*** Task input ***
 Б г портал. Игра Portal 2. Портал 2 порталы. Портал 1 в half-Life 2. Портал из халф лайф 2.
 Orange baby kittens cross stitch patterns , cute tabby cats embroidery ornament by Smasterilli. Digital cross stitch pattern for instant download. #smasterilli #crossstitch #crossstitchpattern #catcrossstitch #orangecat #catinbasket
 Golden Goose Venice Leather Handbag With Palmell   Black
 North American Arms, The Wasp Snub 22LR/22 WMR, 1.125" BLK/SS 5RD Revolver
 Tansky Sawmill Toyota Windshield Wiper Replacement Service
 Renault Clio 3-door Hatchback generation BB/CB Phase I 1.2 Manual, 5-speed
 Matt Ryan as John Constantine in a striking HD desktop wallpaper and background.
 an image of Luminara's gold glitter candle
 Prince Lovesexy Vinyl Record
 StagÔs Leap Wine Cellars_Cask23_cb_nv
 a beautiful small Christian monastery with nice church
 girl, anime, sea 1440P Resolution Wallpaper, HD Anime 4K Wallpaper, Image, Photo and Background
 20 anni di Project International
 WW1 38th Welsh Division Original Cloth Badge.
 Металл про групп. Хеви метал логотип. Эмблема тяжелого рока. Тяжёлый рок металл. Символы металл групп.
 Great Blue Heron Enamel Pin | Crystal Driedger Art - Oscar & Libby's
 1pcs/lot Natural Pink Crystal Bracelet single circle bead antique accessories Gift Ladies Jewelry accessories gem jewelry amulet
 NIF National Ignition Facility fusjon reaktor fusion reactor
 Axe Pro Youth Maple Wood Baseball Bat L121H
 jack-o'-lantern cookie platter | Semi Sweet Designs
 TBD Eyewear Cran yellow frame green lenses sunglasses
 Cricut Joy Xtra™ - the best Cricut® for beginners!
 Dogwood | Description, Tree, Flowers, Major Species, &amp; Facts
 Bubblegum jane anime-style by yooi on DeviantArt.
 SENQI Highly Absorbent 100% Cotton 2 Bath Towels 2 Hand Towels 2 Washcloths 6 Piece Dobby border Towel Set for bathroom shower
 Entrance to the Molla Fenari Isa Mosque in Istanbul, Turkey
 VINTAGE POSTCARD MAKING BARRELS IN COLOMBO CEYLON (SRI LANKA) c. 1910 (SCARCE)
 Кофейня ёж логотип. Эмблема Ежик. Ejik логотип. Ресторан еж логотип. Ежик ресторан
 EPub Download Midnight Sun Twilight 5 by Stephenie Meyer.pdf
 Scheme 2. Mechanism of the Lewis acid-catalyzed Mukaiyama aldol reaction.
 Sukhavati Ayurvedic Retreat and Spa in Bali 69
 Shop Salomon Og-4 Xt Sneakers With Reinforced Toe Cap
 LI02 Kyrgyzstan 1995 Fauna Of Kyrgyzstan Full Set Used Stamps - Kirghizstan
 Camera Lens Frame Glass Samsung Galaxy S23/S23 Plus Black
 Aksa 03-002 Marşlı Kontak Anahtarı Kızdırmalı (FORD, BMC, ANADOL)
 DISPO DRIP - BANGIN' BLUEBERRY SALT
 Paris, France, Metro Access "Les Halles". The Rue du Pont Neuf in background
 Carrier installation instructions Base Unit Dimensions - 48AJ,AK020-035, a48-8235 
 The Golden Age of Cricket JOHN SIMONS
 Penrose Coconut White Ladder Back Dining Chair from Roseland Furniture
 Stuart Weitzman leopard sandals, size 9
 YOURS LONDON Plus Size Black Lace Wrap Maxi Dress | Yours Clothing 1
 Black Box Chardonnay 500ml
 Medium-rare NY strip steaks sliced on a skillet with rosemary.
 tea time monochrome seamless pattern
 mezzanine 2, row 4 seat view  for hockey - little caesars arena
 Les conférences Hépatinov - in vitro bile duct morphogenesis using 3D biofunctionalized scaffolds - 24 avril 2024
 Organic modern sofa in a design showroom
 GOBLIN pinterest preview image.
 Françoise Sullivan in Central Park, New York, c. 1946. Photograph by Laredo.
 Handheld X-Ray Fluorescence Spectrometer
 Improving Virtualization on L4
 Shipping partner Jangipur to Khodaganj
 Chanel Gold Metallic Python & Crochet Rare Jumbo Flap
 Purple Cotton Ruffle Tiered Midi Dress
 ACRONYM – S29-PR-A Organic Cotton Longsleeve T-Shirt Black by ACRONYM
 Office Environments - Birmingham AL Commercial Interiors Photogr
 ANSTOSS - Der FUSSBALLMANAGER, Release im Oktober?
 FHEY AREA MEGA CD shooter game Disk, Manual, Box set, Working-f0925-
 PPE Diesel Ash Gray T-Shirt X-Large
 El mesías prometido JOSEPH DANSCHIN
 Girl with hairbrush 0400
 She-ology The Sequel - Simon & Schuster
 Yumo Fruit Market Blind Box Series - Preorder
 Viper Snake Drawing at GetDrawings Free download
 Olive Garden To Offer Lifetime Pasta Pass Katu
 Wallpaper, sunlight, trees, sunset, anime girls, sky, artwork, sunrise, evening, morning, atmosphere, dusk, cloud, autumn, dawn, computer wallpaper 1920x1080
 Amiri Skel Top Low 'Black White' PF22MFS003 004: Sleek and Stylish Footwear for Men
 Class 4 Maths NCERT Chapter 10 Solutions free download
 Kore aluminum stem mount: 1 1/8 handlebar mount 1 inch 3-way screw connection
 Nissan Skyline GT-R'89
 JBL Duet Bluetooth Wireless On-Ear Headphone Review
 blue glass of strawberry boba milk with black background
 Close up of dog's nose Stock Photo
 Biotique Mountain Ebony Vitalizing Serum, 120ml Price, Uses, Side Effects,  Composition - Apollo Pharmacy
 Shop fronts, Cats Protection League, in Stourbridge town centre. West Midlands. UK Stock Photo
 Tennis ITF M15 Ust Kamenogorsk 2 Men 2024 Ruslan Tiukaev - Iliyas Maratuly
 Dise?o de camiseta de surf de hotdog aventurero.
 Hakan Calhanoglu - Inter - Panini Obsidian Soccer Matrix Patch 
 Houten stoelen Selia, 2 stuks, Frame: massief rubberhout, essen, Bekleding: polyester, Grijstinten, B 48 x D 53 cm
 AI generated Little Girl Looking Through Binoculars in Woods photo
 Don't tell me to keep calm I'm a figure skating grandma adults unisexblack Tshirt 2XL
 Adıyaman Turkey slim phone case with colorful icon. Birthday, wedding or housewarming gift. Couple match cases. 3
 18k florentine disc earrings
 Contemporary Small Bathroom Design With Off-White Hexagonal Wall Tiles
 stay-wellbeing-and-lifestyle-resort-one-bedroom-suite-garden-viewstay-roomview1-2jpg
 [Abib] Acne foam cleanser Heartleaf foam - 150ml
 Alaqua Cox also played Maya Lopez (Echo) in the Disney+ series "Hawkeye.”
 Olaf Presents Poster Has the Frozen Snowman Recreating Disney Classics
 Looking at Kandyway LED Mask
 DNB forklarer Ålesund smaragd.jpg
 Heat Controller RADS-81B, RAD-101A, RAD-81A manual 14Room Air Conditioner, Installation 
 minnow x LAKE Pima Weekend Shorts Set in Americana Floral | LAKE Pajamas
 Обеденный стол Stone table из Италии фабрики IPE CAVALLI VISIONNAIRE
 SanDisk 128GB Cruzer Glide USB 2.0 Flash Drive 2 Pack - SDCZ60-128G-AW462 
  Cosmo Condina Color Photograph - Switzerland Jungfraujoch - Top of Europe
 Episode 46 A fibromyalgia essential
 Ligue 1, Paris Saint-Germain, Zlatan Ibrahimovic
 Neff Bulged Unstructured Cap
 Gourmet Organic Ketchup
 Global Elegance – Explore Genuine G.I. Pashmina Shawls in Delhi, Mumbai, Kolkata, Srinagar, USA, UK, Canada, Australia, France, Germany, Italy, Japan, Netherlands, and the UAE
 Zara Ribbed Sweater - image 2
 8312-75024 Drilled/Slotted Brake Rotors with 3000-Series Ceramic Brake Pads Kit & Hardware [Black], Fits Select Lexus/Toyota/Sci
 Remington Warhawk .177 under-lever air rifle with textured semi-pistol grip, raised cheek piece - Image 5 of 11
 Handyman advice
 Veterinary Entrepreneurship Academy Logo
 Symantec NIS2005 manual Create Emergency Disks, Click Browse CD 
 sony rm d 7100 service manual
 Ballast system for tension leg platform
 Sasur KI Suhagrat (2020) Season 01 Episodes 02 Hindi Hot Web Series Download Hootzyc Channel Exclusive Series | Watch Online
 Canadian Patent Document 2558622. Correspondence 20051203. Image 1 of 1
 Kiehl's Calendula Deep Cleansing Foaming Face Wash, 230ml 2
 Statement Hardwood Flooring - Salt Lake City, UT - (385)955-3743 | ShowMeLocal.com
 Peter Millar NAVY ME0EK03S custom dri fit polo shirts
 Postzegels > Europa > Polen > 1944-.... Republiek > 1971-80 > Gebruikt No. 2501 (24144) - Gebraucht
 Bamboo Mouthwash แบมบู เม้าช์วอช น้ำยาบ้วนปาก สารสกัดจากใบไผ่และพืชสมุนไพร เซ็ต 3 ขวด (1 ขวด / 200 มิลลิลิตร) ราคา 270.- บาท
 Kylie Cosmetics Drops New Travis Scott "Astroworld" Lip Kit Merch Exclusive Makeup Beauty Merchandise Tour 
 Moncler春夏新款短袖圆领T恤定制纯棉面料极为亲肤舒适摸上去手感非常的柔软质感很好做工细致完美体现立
*** End of Task input ***
*Task requirements*. Copy out the range of lines above starting at the line with "Dise?o de camiseta" and ending at the line with "Contemporary Small Bathroom", exactly and including both.

*Task output*.
 Dise?o de camiseta de surf de hotdog aventurero.
 Hakan Calhanoglu - Inter - Panini Obsidian Soccer Matrix Patch 
 Houten stoelen Selia, 2 stuks, Frame: massief rubberhout, essen, Bekleding: polyester, Grijstinten, B 48 x D 53 cm
 AI generated Little Girl Looking Through Binoculars in Woods photo
 Don't tell me to keep calm I'm a figure skating grandma adults unisexblack Tshirt 2XL
 Adıyaman Turkey slim phone case with colorful icon. Birthday, wedding or housewarming gift. Couple match cases. 3
 18k florentine disc earrings
 Contemporary Small Bathroom Design With Off-White Hexagonal Wall Tiles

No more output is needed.